A TV ad for American teenage artist Billie Eilish’s debut album has been cleared by the ad watchdog despite complaints that it was distressing, with even the regulator admitting that “some of the scenes were unsettling”.
The singer and model, who has already appeared in a Calvin Klein TV spot, was promoting her new album When We All Fall Asleep, Where Do We Go? in the ad, which aired at just after 8pm.
It featured scenes from the video for her song entitled “Bury A Friend”, which were more akin to a horror movie trailer than an album release. They included Eilish with streams of black tears flowing down her face, her head being pulled back and forth by several gloved hands, and a person dressed in a gown standing in a darkened corridor and the lower part of a person’s legs swinging in the air as if they had been hanged.
One viewer challenged the Advertising Standards Authority to investigate whether the ad was scheduled appropriately on the grounds that it contained distressing scenes, including a hanging body.
Universal Music UK, Eilish’s label, acknowledged the complaint but did not comment. Ad clearance house Clearcast, meanwhile, conceded the ad was similar in tone and visuals to zombie programmes and video games and was worthy of a similar “ex-kids” scheduling restriction.

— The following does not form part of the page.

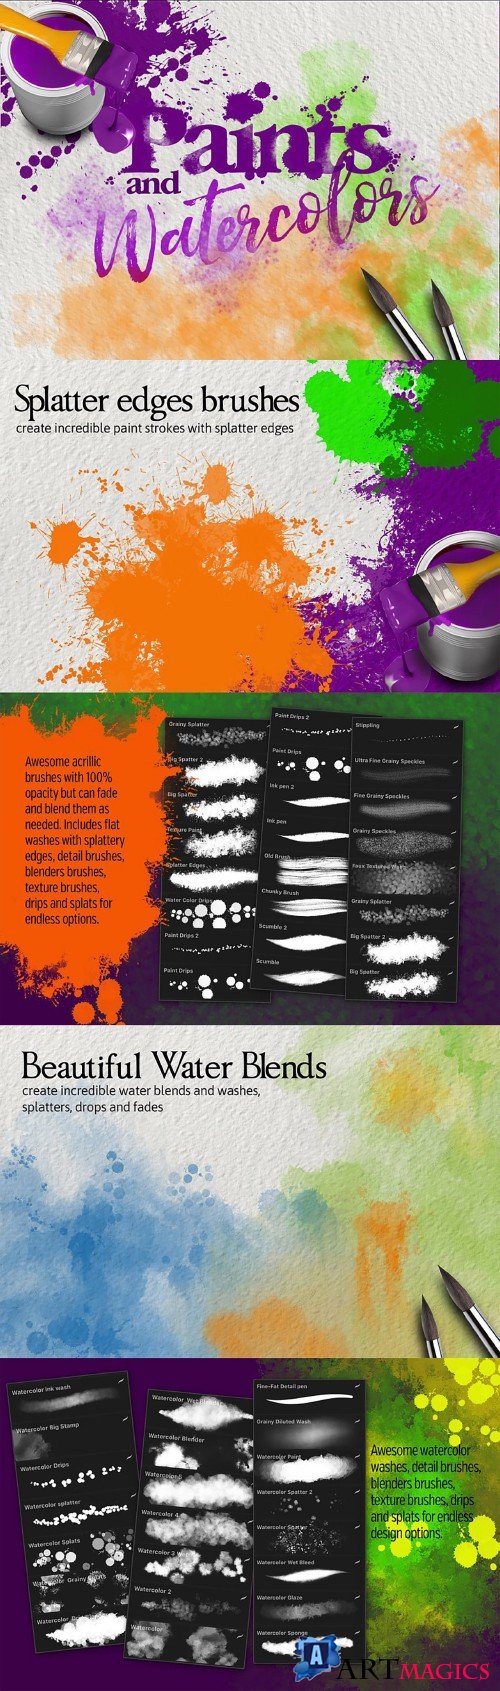 42 Paints and Watercolor Brushes - 3420671

In its ruling, the ASA said: “We considered the tone of the ad was dark and eerie, and that some of the scenes were unsettling. However, the scenes were highly stylised and removed from reality, and we considered they would be understood as creative content from the album’s music videos.
“In that context, we considered the ad was unlikely to cause fear or distress to adults or older children. However, we considered the ad’s content was likely to distress younger children.”
The regulator noted that Clearcast’s restriction meant the ad should not be shown in or around programmes made for or specifically targeted at under-16s.
It added: “Although we understood Clearcast could alternatively have applied a stricter scheduling restriction, we had not seen any evidence that it had been broadcast during programming principally directed at, or of strong appeal to, young children.”
The ASA concluded that no further action was necessary.